Option 2 - Official ephemeral media streaming to active desktop
🎯 7 🛡️ 8 🧠 8
Approx changed LOC: 2500-6000.
What it means:
- backend downloads media only while desktop is connected;
- backend streams bytes to desktop and does not store them;
- desktop commits attachment bytes before message row;
- ACK waits for local acceptance or clean unsupported/offline decision.
Why it is viable:
- preserves convenience of official shared bot;
- no durable backend media store;
- can support common screenshots/documents.
Risk:
- backend still transiently sees file bytes;
- many failure states;
- requires new streaming attachment port;
- current base64 attachment path is not the right transport;
- harder to test than text.
Option 3 - Backend encrypted media queue
🎯 6 🛡️ 8 🧠 9
Approx changed LOC: 3500-9000.
What it means:
- backend stores encrypted media or encrypted Telegram file capabilities for later desktop replay;
- desktop decrypts and commits when it comes online;
- official bot can feel reliable even while desktop is offline.
Why it is not first:
- this changes the product from "offline means offline" to "we queue sensitive content";
- encrypted media queue is still a data retention system;
- key management, replay, retention, deletion, and support diagnostics become much harder;
- it competes with a simpler premium/advanced reliability mode later.
Use only after:
- text routing is stable;
- ephemeral streaming is proven;
- user demand for offline media is strong enough.
13. Decision Update
Recommended sequence:
1. Official shared bot:
text + captions + topics + reply routing + no durable backend plaintext queue.
2. Own-bot adapter:
local token + local polling + text first, then local media download.

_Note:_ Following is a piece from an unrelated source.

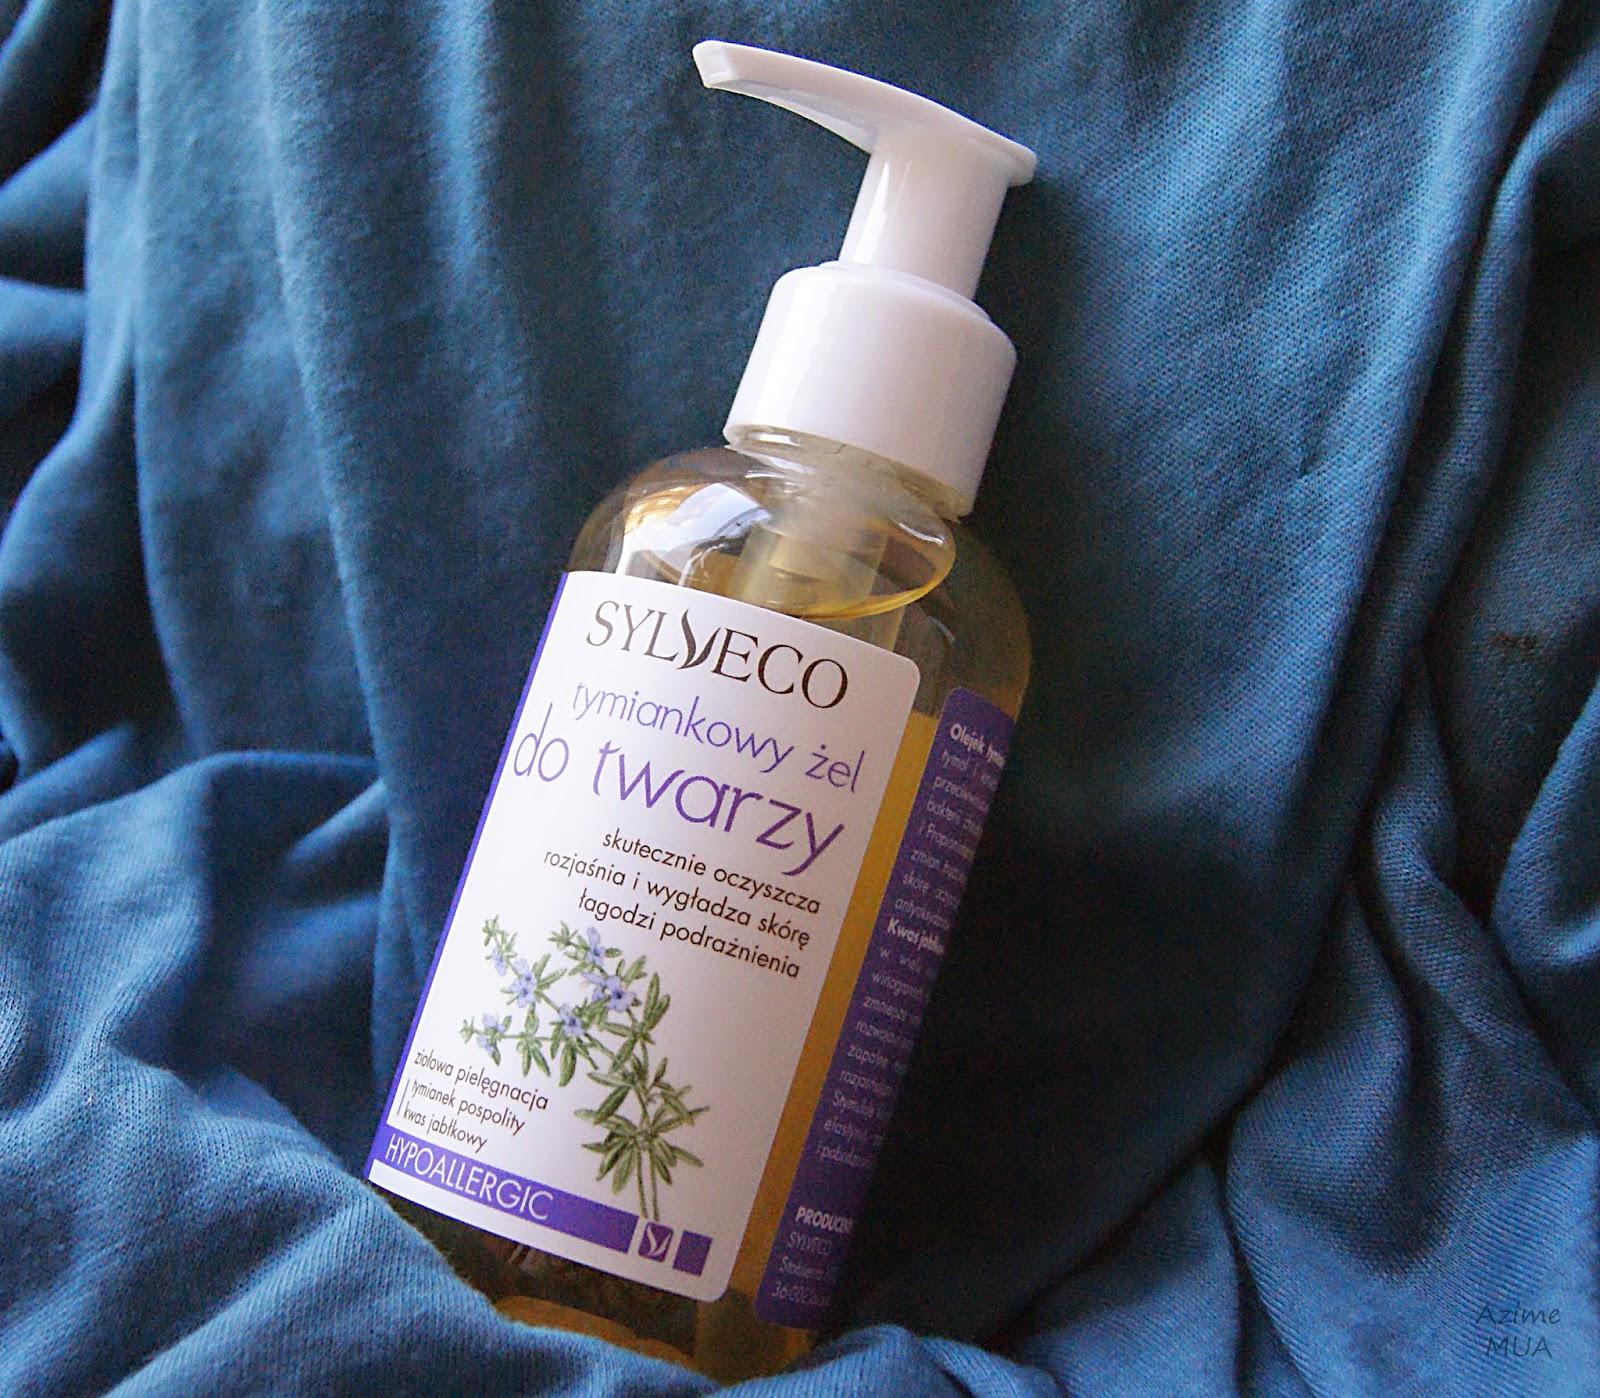 [167.] Recenzja żelu do mycia twarzy Sylveco, wersja tymiankowa.

3. Official shared bot media:
ephemeral active-desktop streaming only, no backend disk.
4. Advanced reliability:
encrypted backend queue for text/media only if explicitly enabled.

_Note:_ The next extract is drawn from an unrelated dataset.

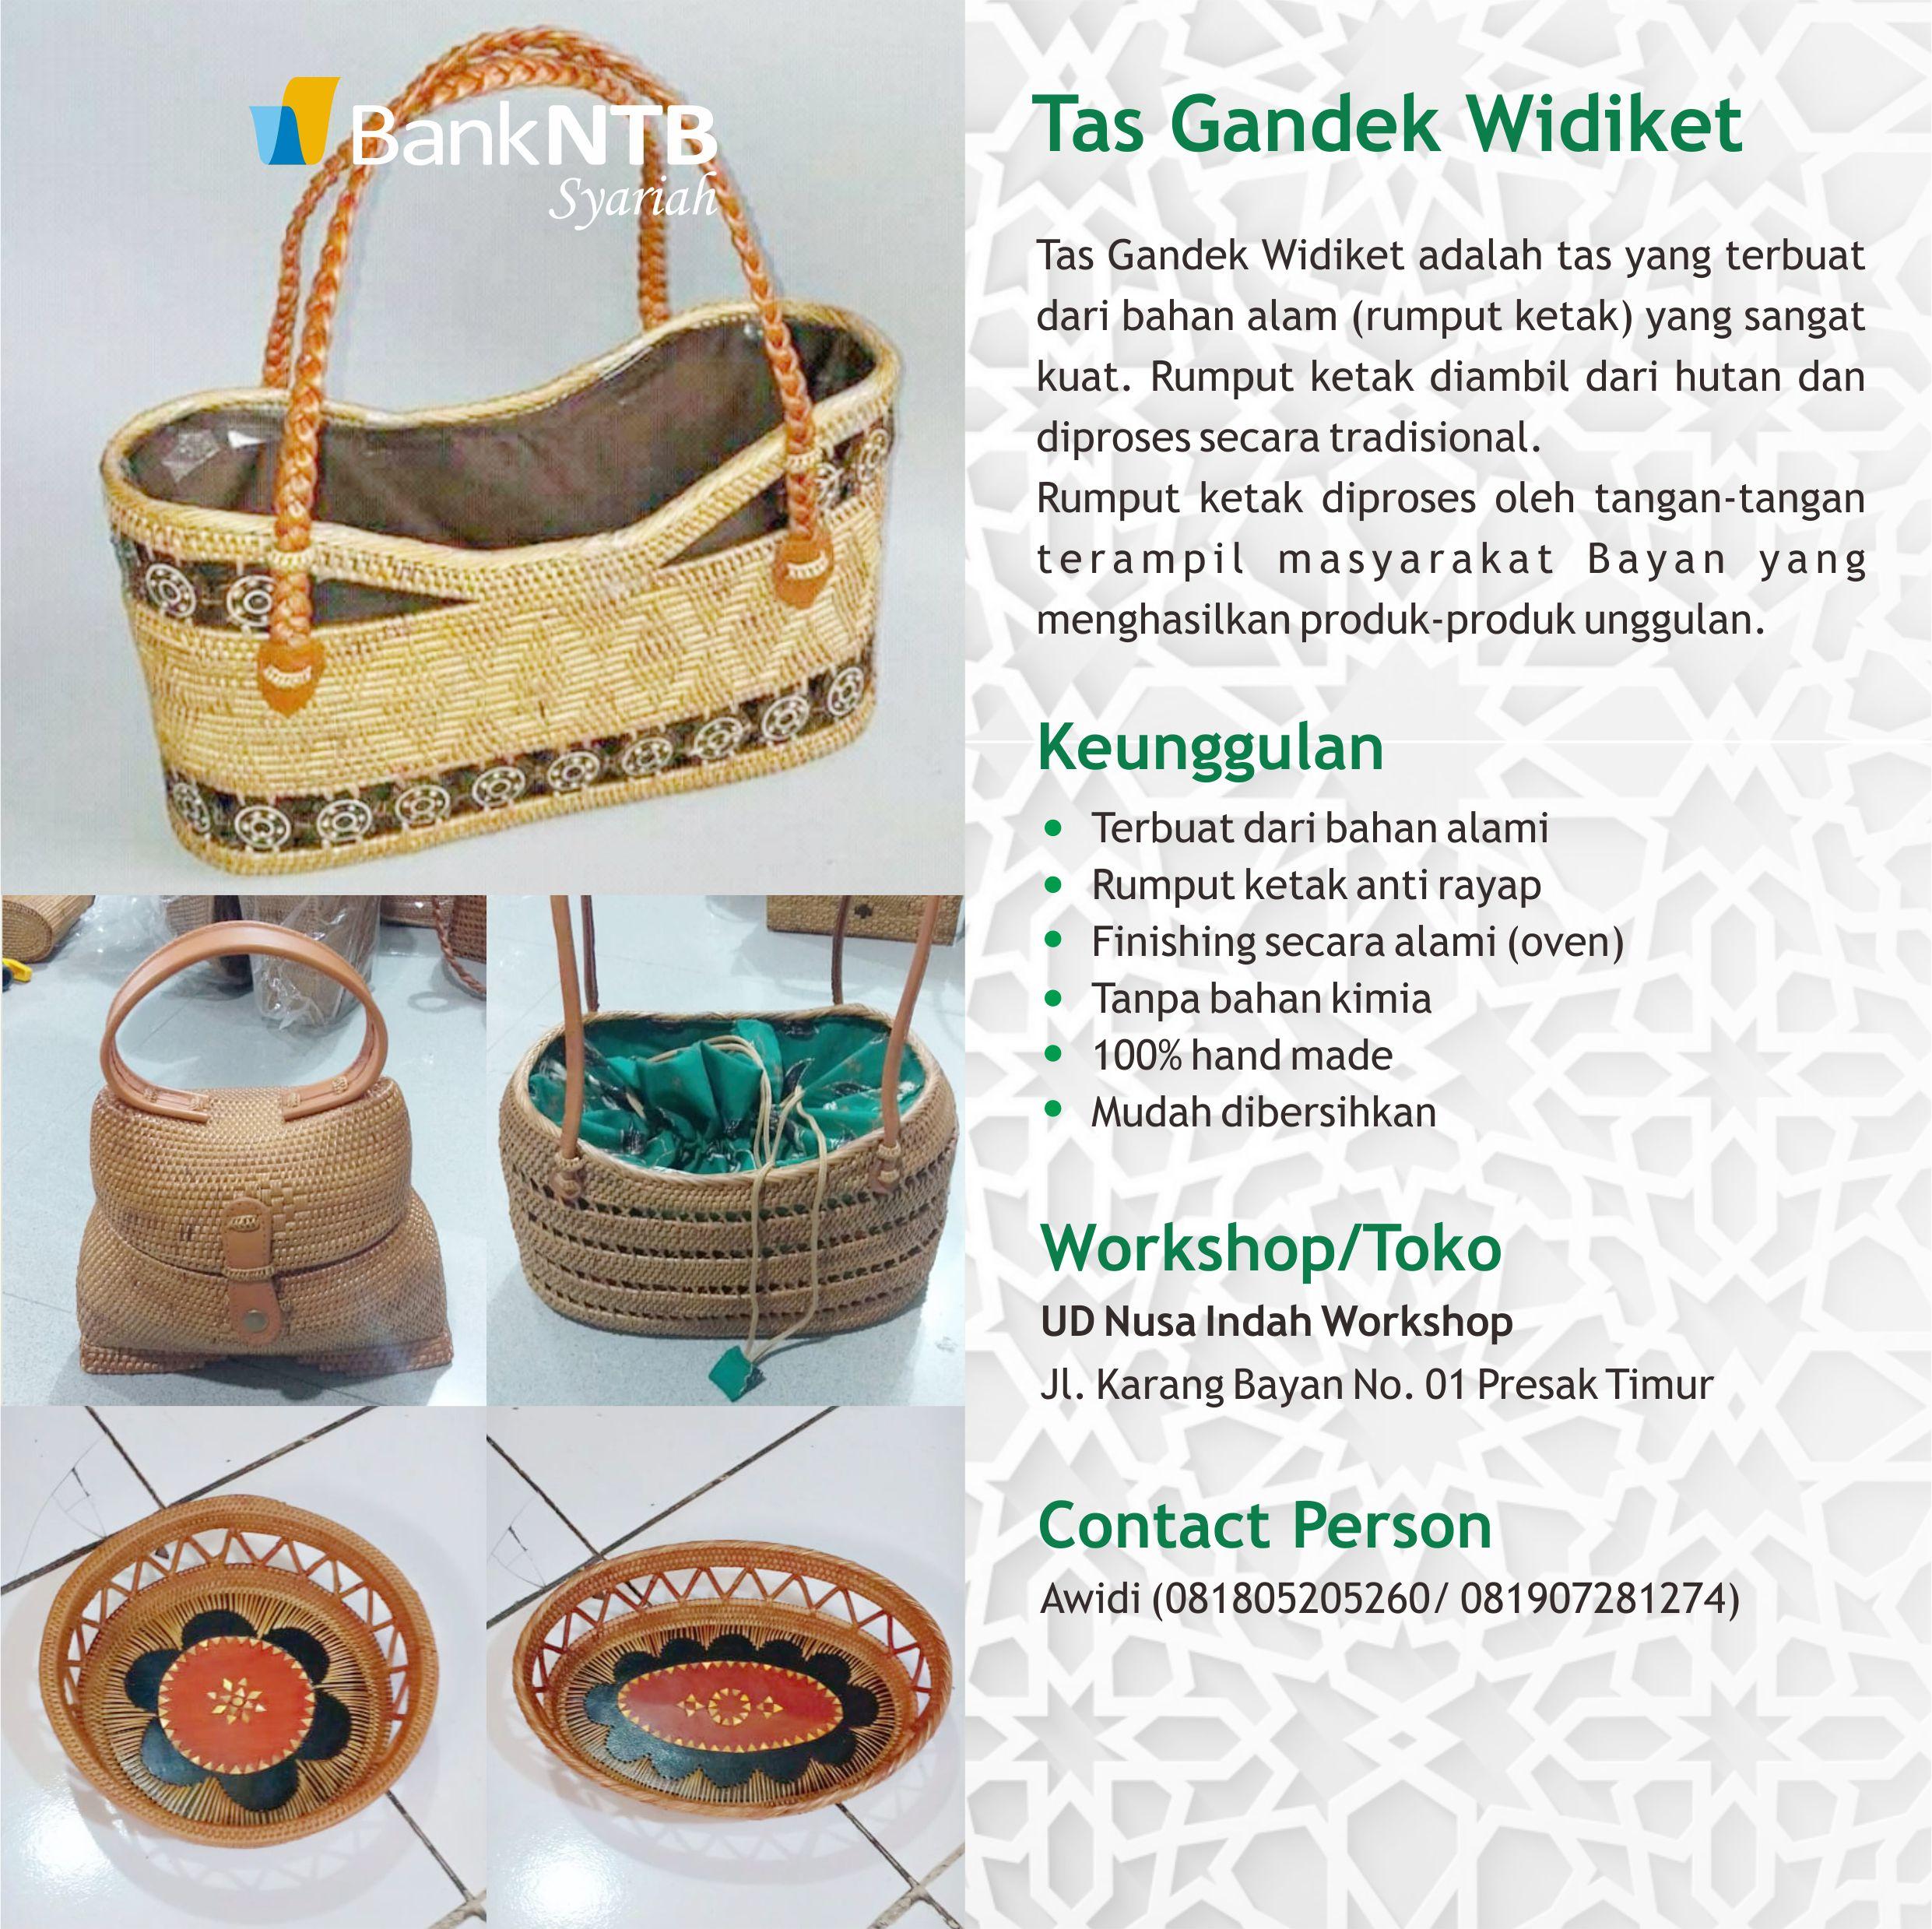 Tas_Gandek_Widiket

This keeps the architecture provider-neutral and honest:
core messenger domain:
route identity
thread/topic mapping
local message ledger
attachment state machine
delivery ledger
provider adapters:
Telegram official adapter
Telegram own-bot adapter
future WhatsApp adapter
future Discord adapter
storage ports:
route registry
inbound receipt store
local turn ledger
attachment content store
outbound delivery ledger
The main design rule:
No message row may claim an attachment is available unless the desktop has committed bytes locally.
14. Places Still Worth Deeper Research
Next low-confidence areas:
- exact Telegram private-chat topics UX across clients when many teams exist;
- whether
message_thread_idbehavior is consistent for private bot topics on desktop/mobile Telegram clients; - how to represent teammate messages inside one team topic without confusing the user;
- whether captions/media groups should become one Agent Teams turn or multiple turns;
- how to prevent model/tool prompt injection through Telegram captions and filenames;
- which own-bot intake mode is best for desktop: long polling, local Bot API server, or optional tunnel.